TRY IT »
A faithful copy of the data, pictures omitted, is the required answer.

DATA PROVIDED »
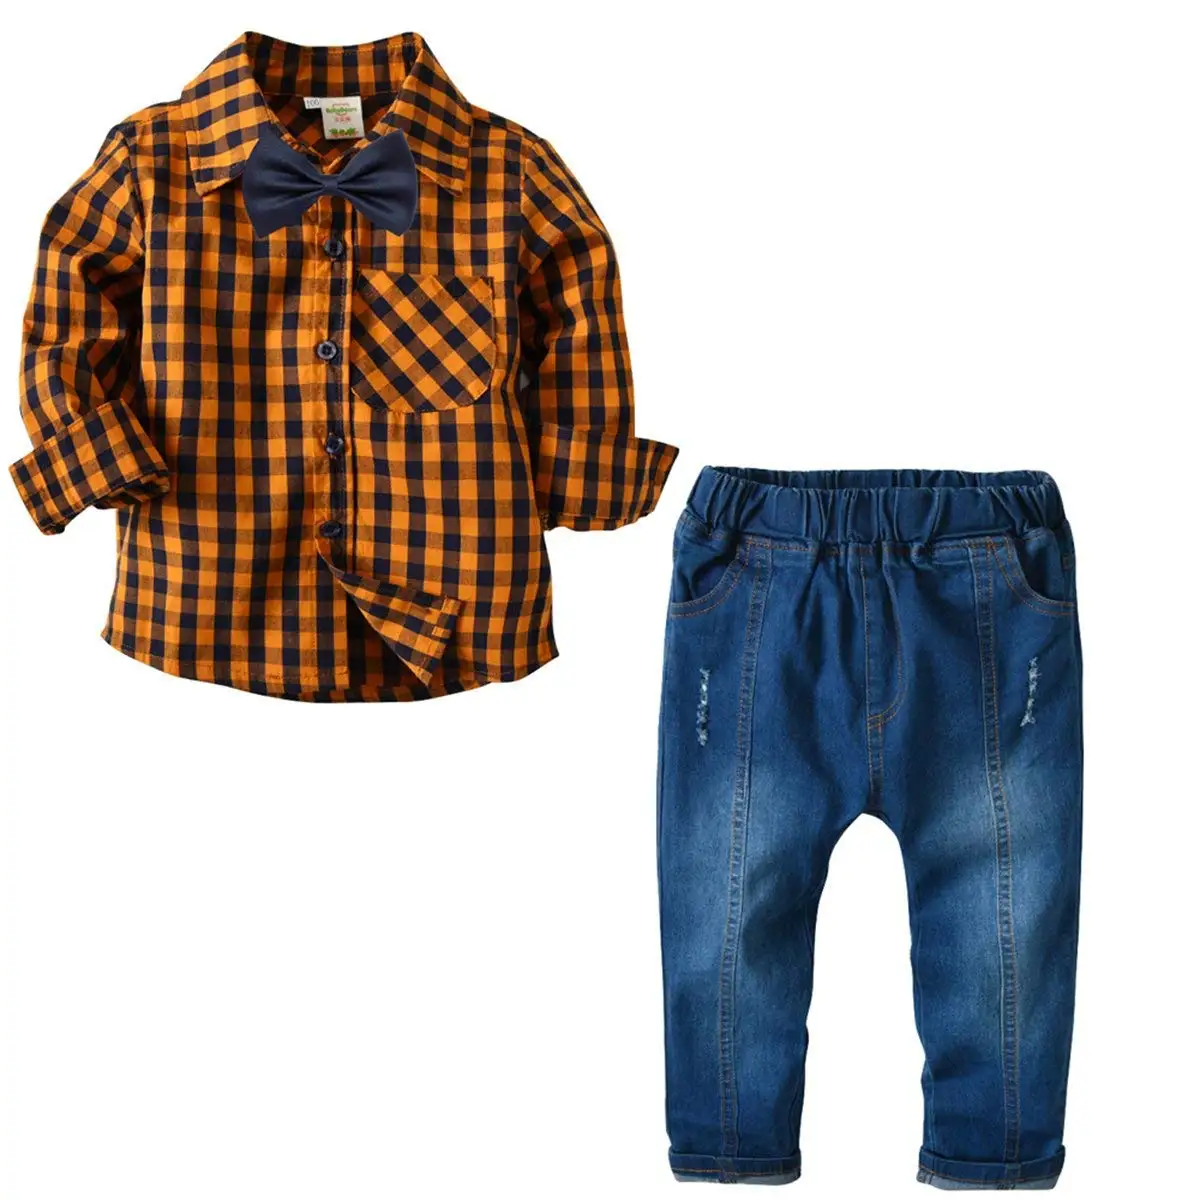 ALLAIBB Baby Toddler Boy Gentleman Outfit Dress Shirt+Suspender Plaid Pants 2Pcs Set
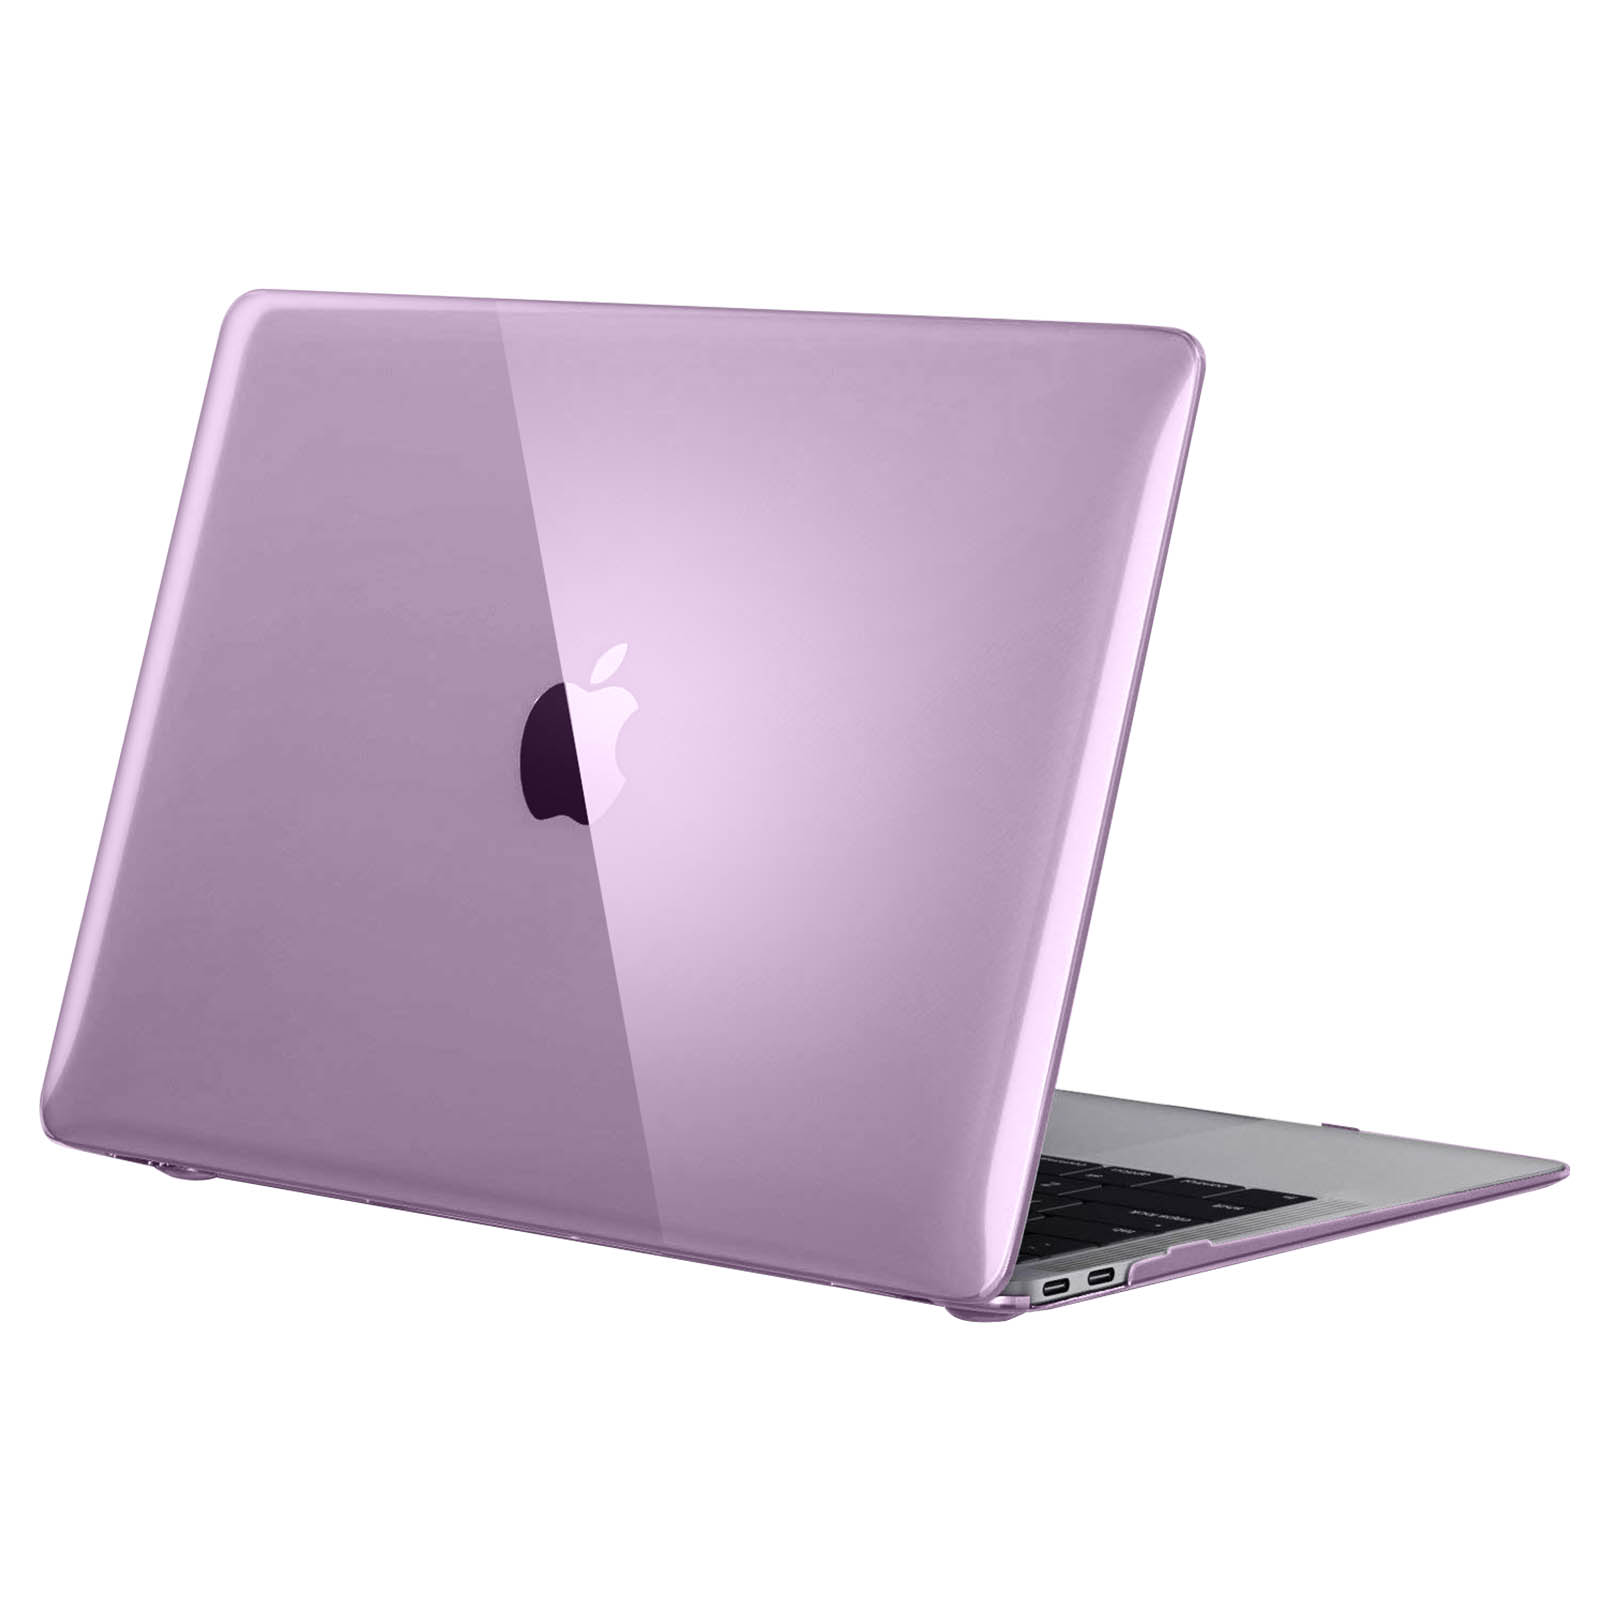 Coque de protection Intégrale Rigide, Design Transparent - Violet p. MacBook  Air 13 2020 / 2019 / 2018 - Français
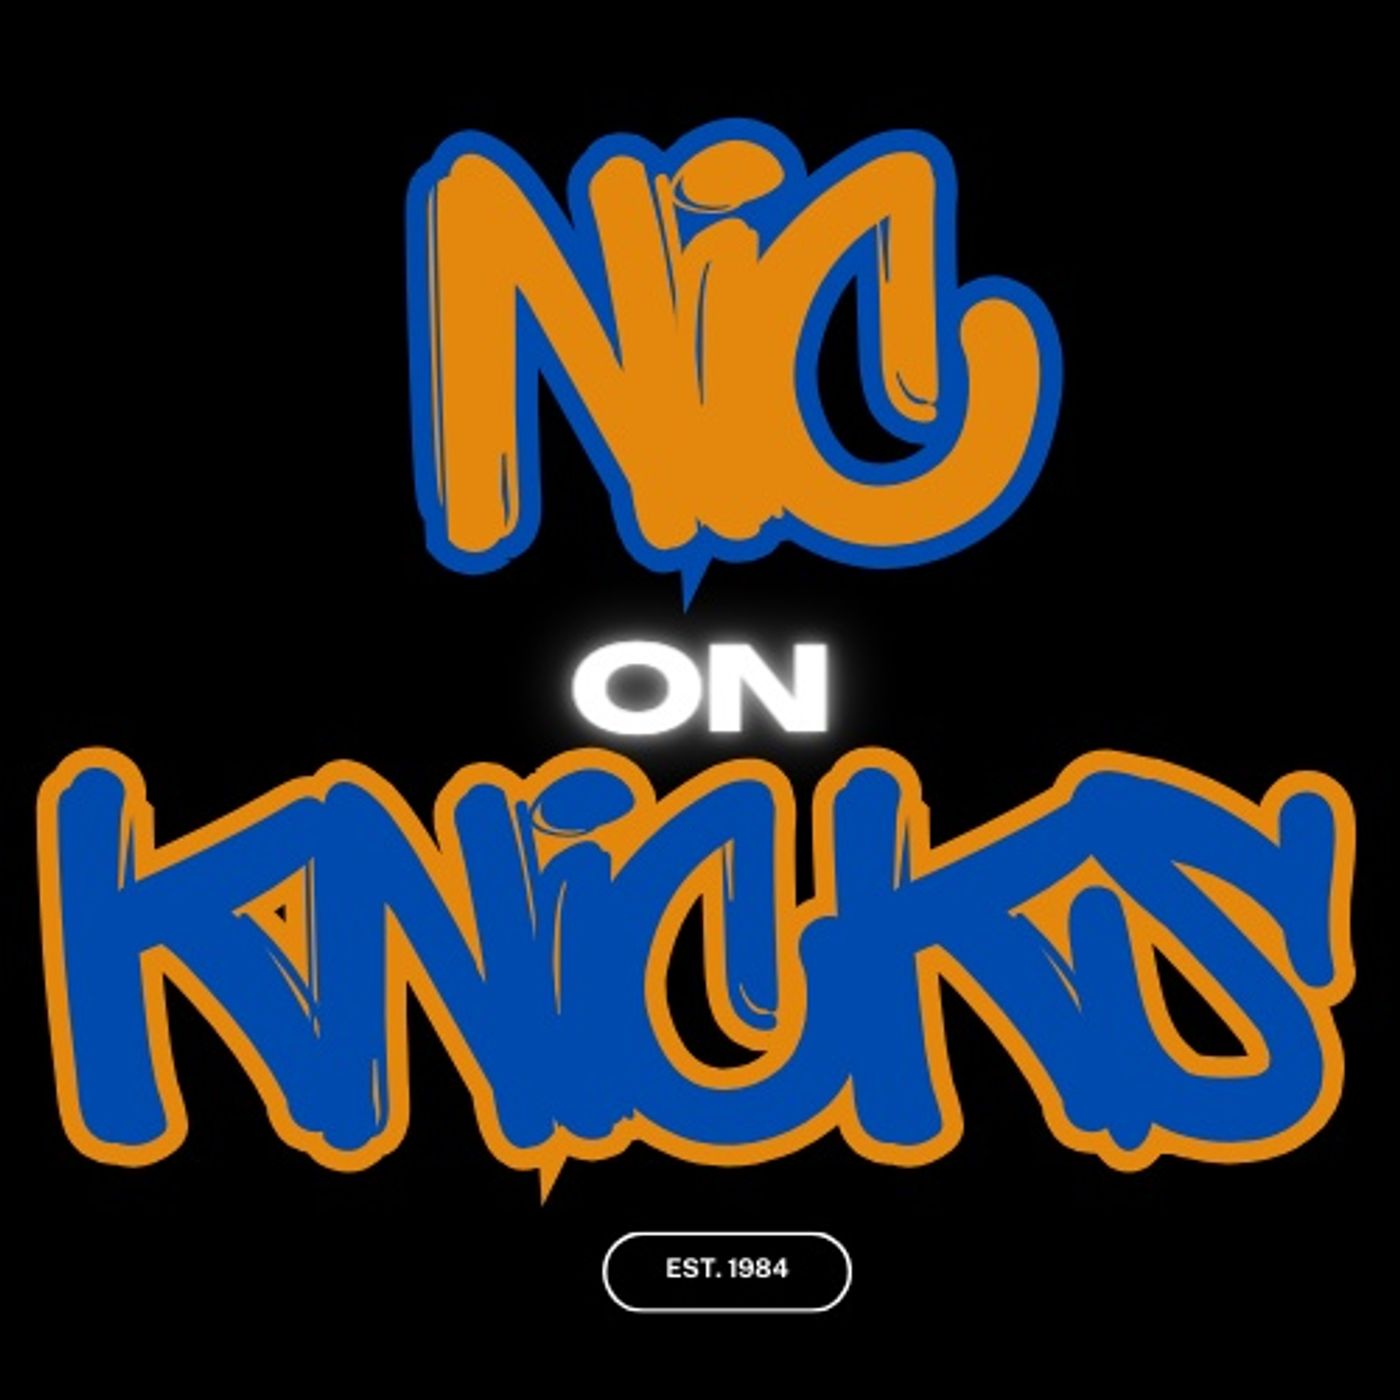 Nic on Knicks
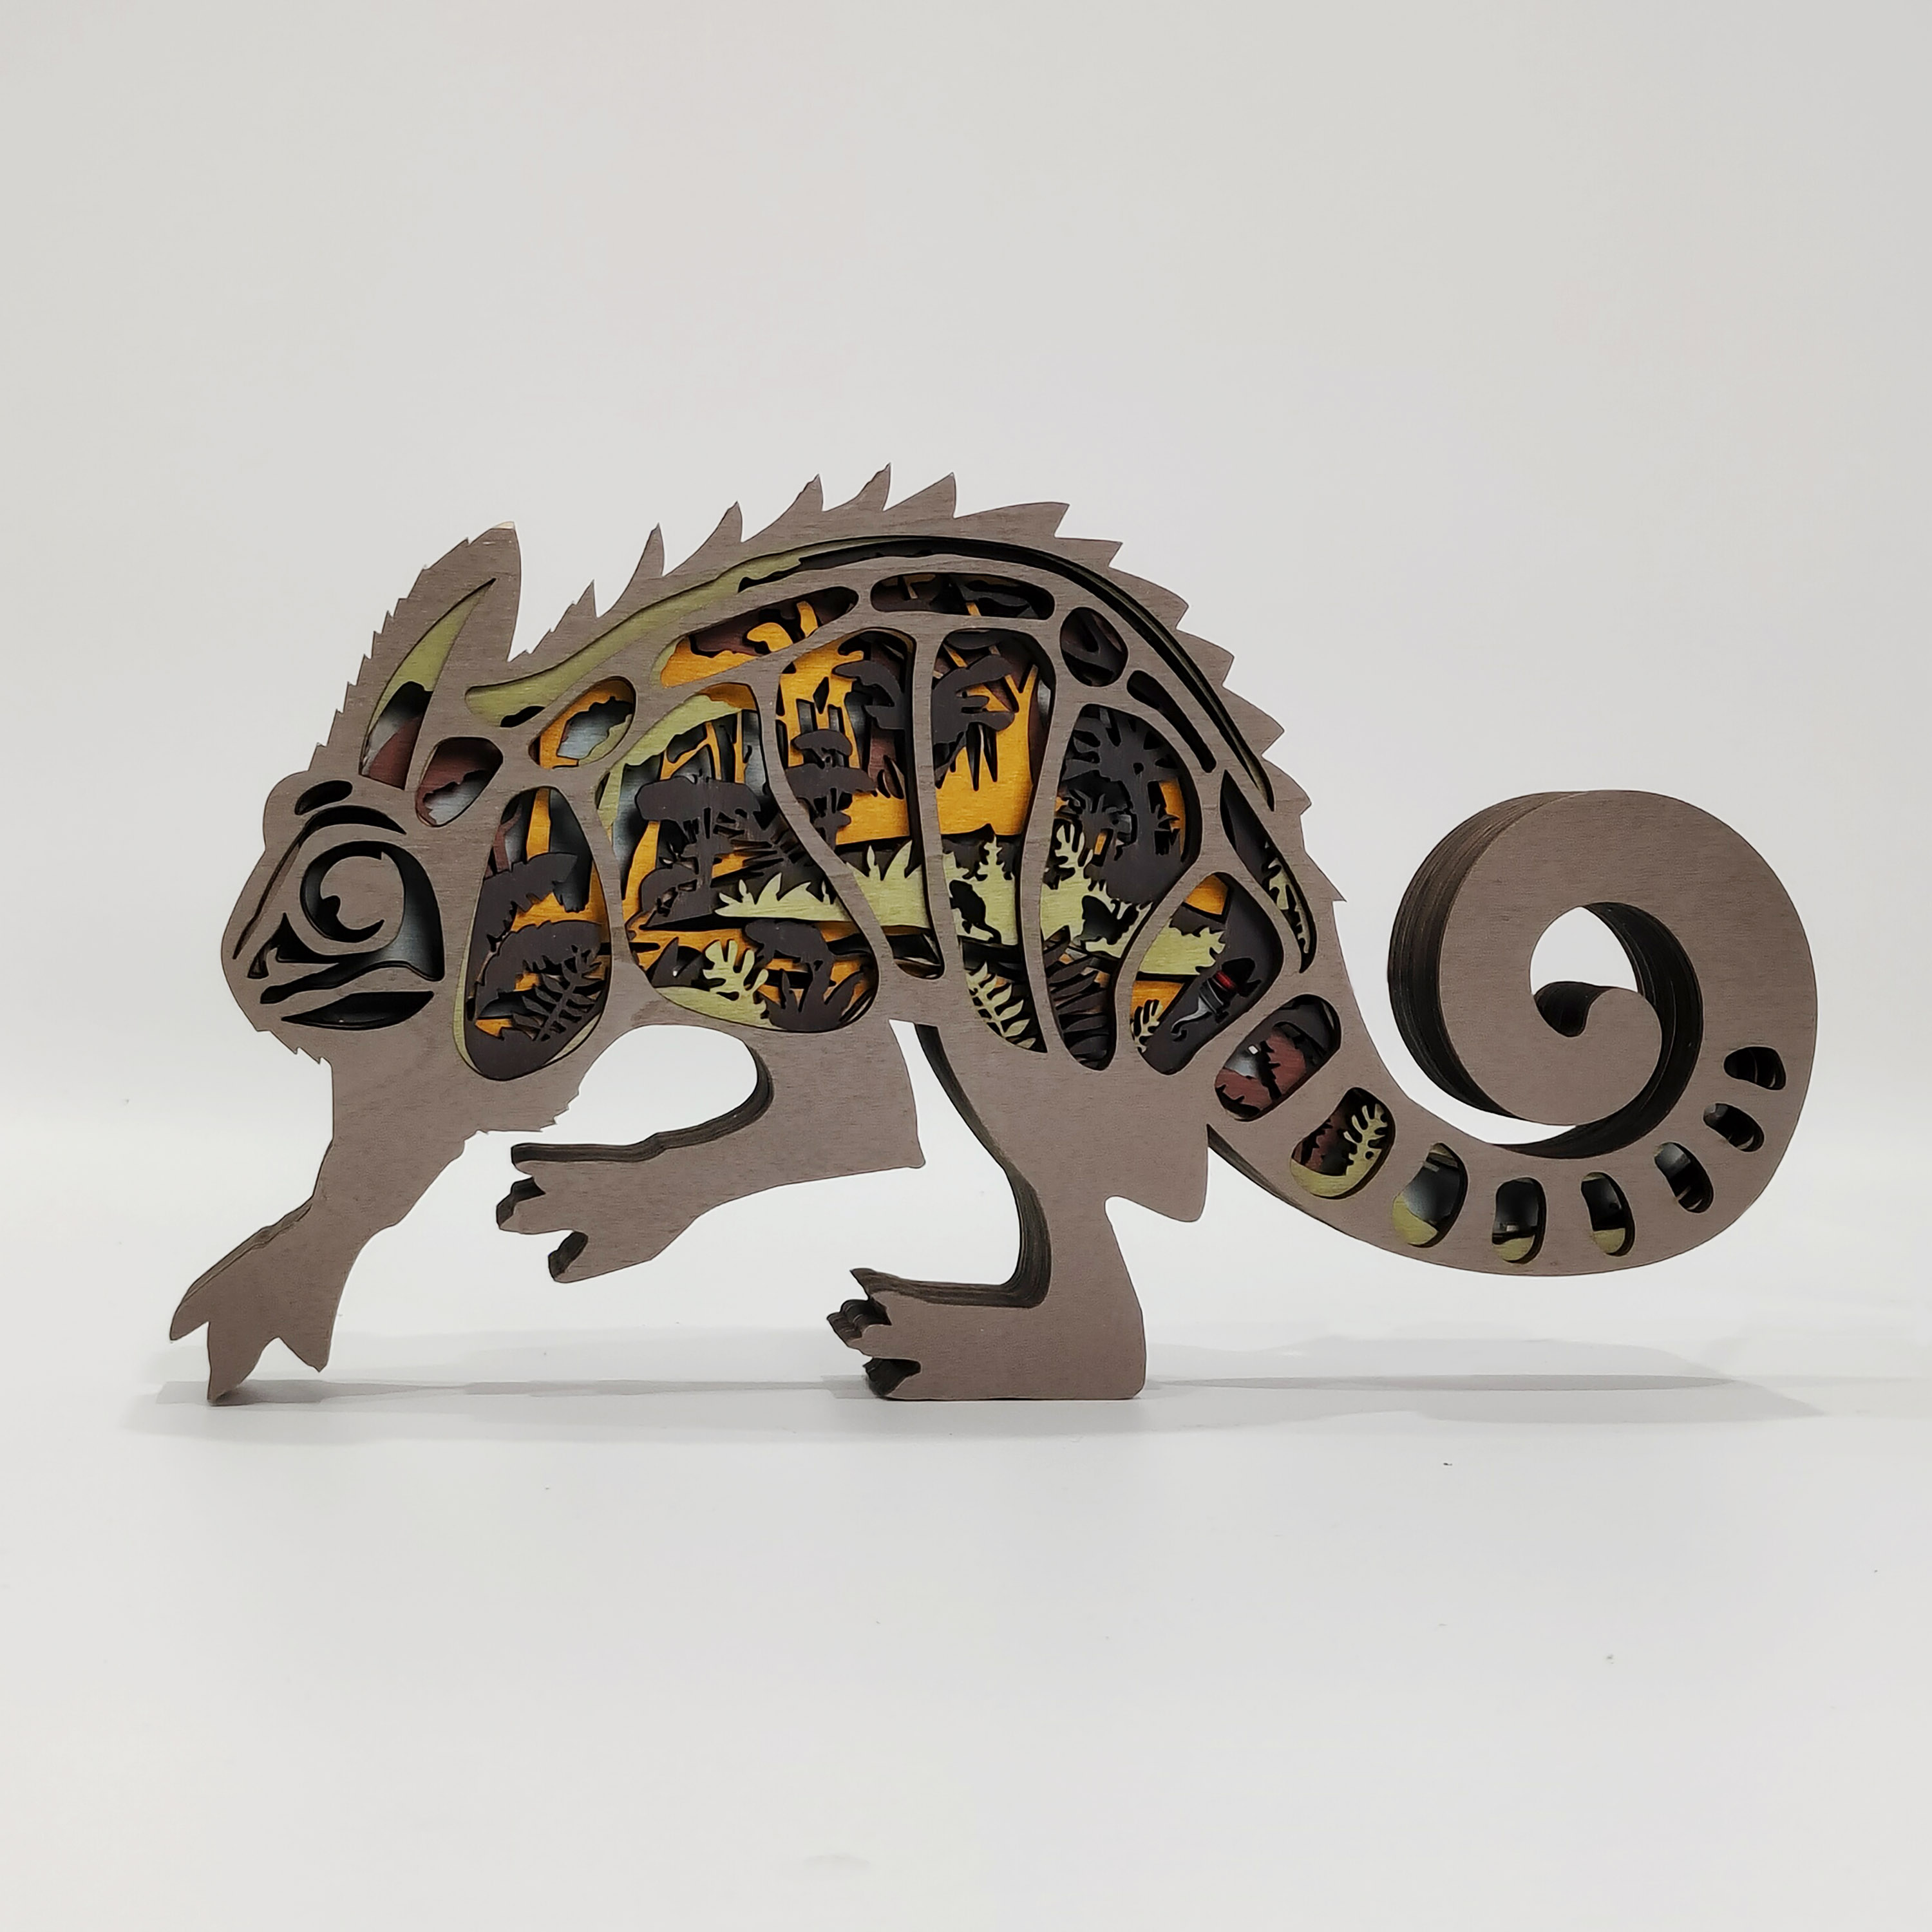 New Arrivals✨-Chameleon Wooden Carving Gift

THE COMPLETED TASK »
 ALLAIBB Baby Toddler Boy Gentleman Outfit Dress Shirt+Suspender Plaid Pants 2Pcs Set
 Coque de protection Intégrale Rigide, Design Transparent - Violet p. MacBook  Air 13 2020 / 2019 / 2018 - Français
 Nic on Knicks
 New Arrivals✨-Chameleon Wooden Carving Gift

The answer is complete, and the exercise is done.